Emerging Market Debt Indicator July 2024

Our EM Debt team provides an update across the investment universe and shares the latest outlook and current top-down positioning.

14 Aug 2024

14 minutes

EMD Team

Chapters

01
Market background
02
Top-down views and outlook
03
Africa
04
Asia
05
Latin America
06
Central and Eastern Europe, Middle East and South Africa
07
EM corporate highlights
01

Market background

Close-up of dark green leaves
The rising prospect of interest-rate cuts in the US and Europe caused global bond markets to rally. Against this backdrop, it was a strong month for emerging market (EM) fixed income, with encouraging inflation dynamics within EM economies among factors providing further support.

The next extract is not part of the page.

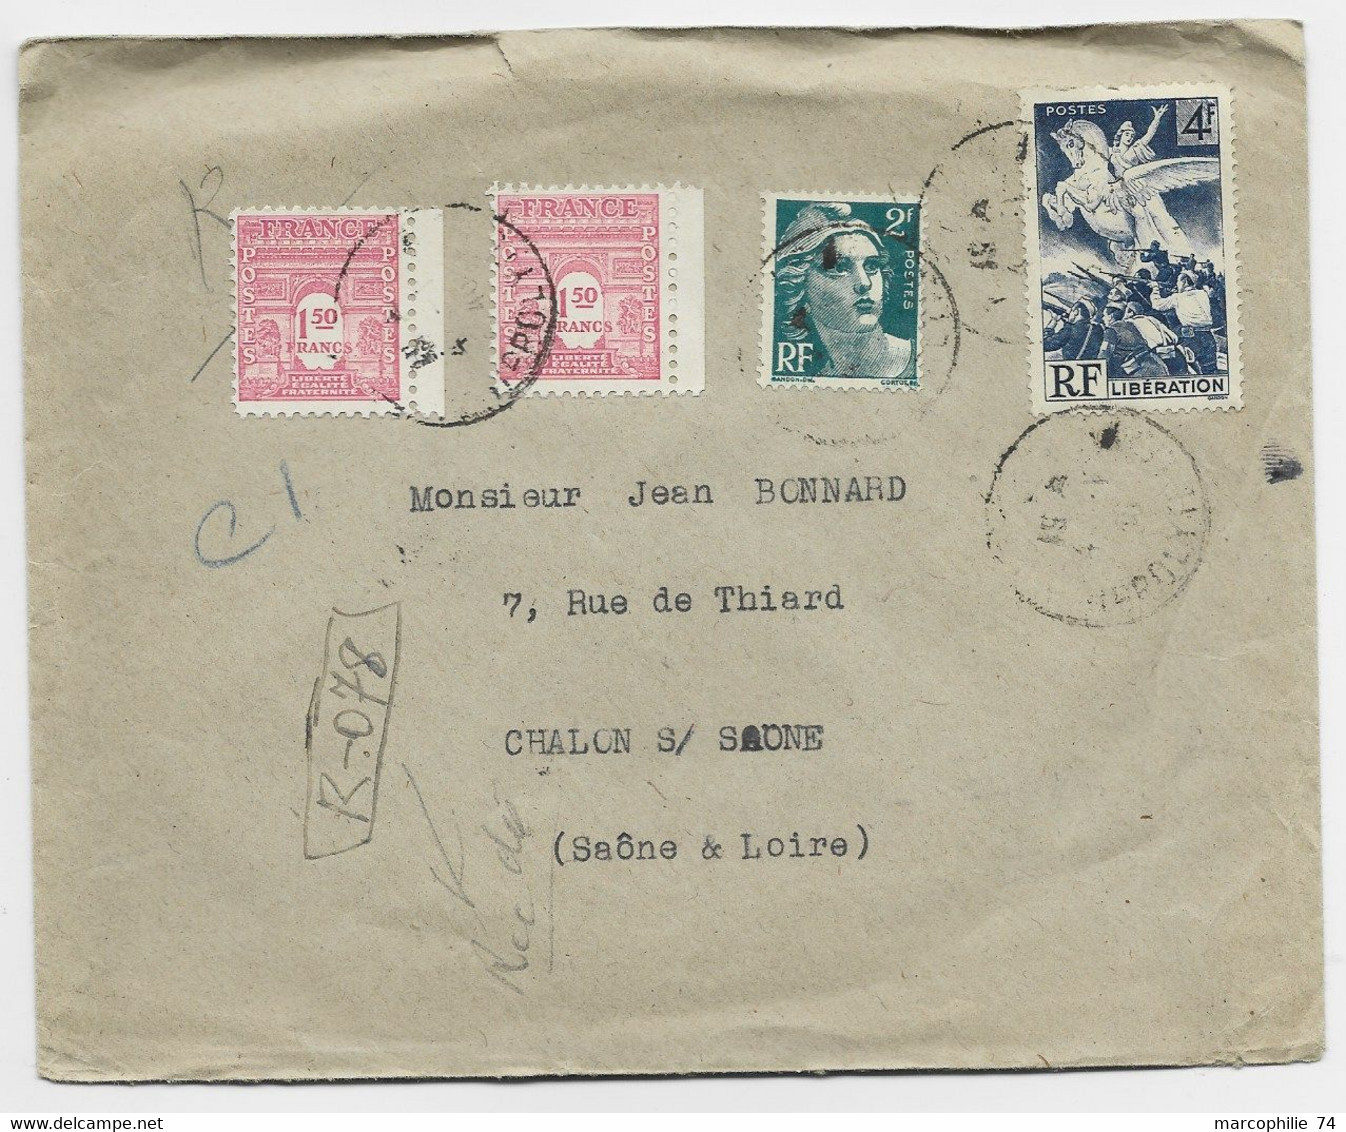 FRANCE ARC TRIOMPHE 1FR50 ROSEX2+ GANDON 2FR+ 4FR LIBERATION LETTRE REC PROVISOIRE PARIS 1946 AU TARIF - 1944-45 Arc De Triomphe
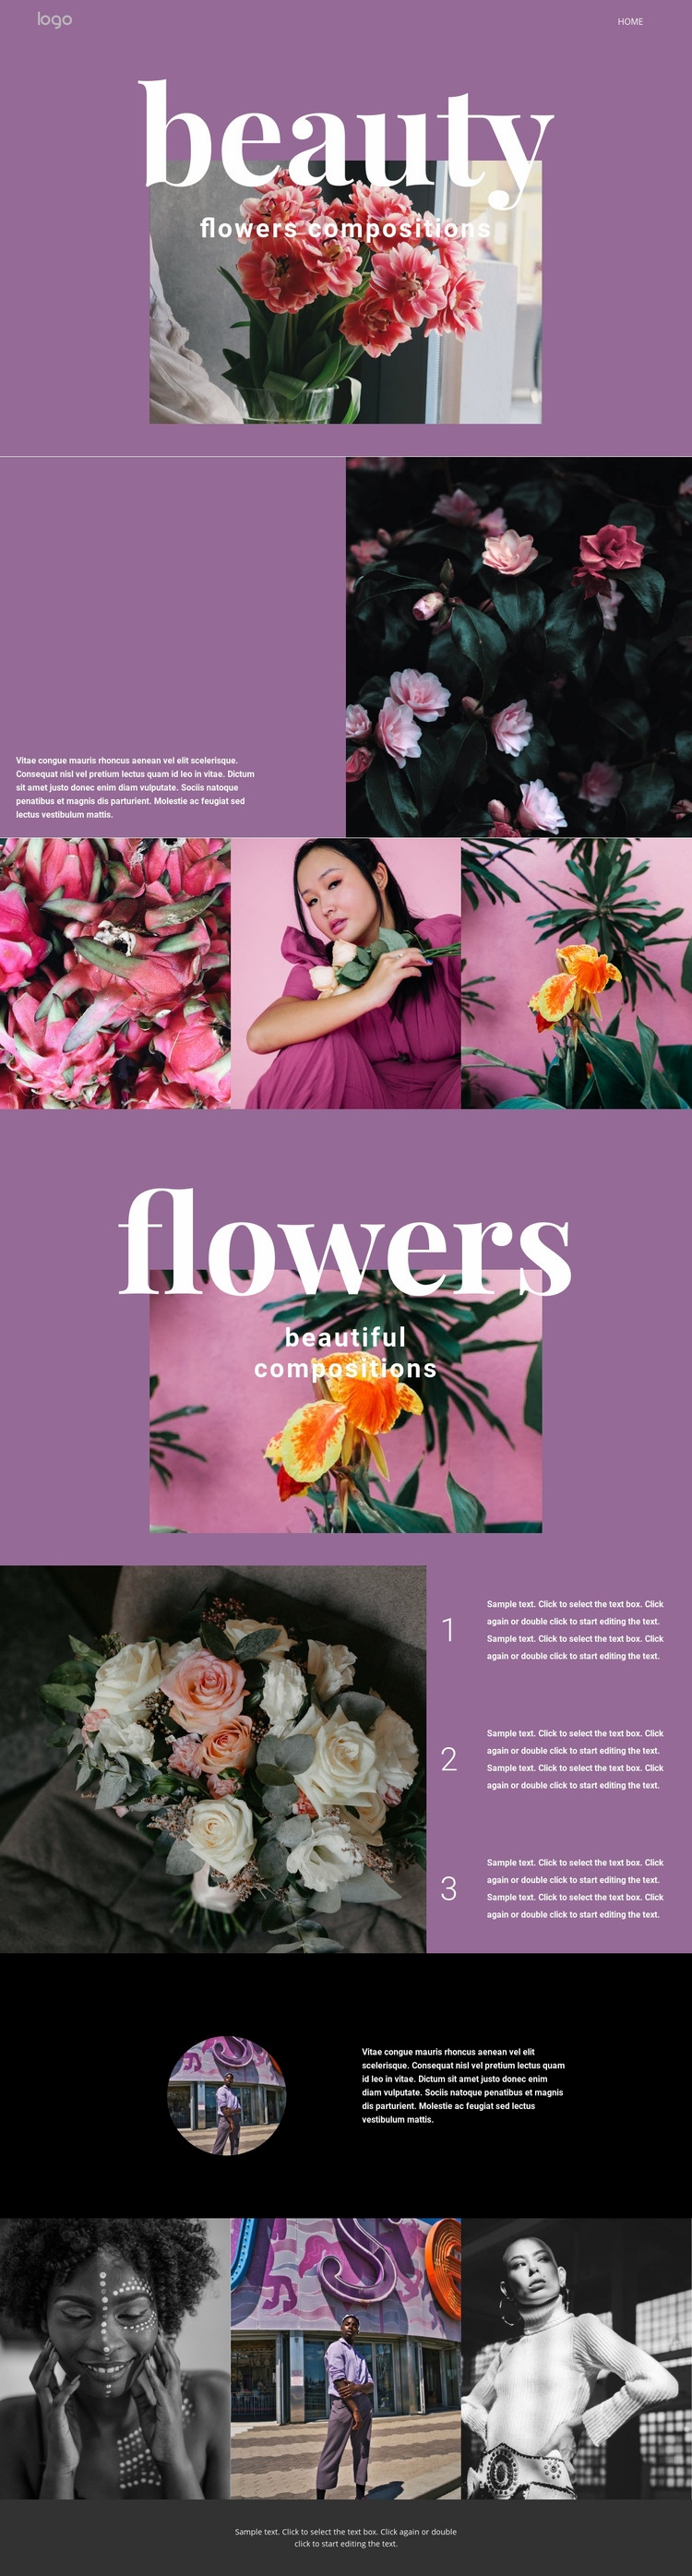 Flower salon Homepage Design

Most bond markets posted gains in July, thanks to the rising prospect of interest-rate cuts in the US and Europe.

In the US, weaker economic growth and labour-market data caused yields to fall in the Treasury market. Further impetus came from signs that US inflation is heading in the right direction, with a lower-than-expected month-on-month print for June. At the end of July, the Fed opened the door to a September rate cut. This, coupled with rising tensions in the Middle East, caused a flight to quality by investors, which put further downward pressure on US Treasury yields.

Mirroring the US market, sovereign bond yields fell across Europe. At the start of July, the market was pricing in about 43bps of cuts by the end of this year; by the end of the month, this had increased to 60bps.

Against the backdrop of rallying global bond markets (especially the US), EM fixed income had a strong month. In the local currency space, the JP Morgan GBI-EM returned 2.3%, driven mostly by hedged local bonds (1.5%); EM FX provided the remaining 0.8%. Turning to hard currency markets, the sovereign index (JP Morgan EMBI GD) rose by 1.9%.

Ukraine’s hard-currency debt market was a top performer after the country reached a debt-restructuring deal. Encouraging inflation dynamics boosted South Africa’s local currency debt market. Inflation also continued to trend down in Central and Eastern Europe, allowing several of the region’s central banks to cut rates.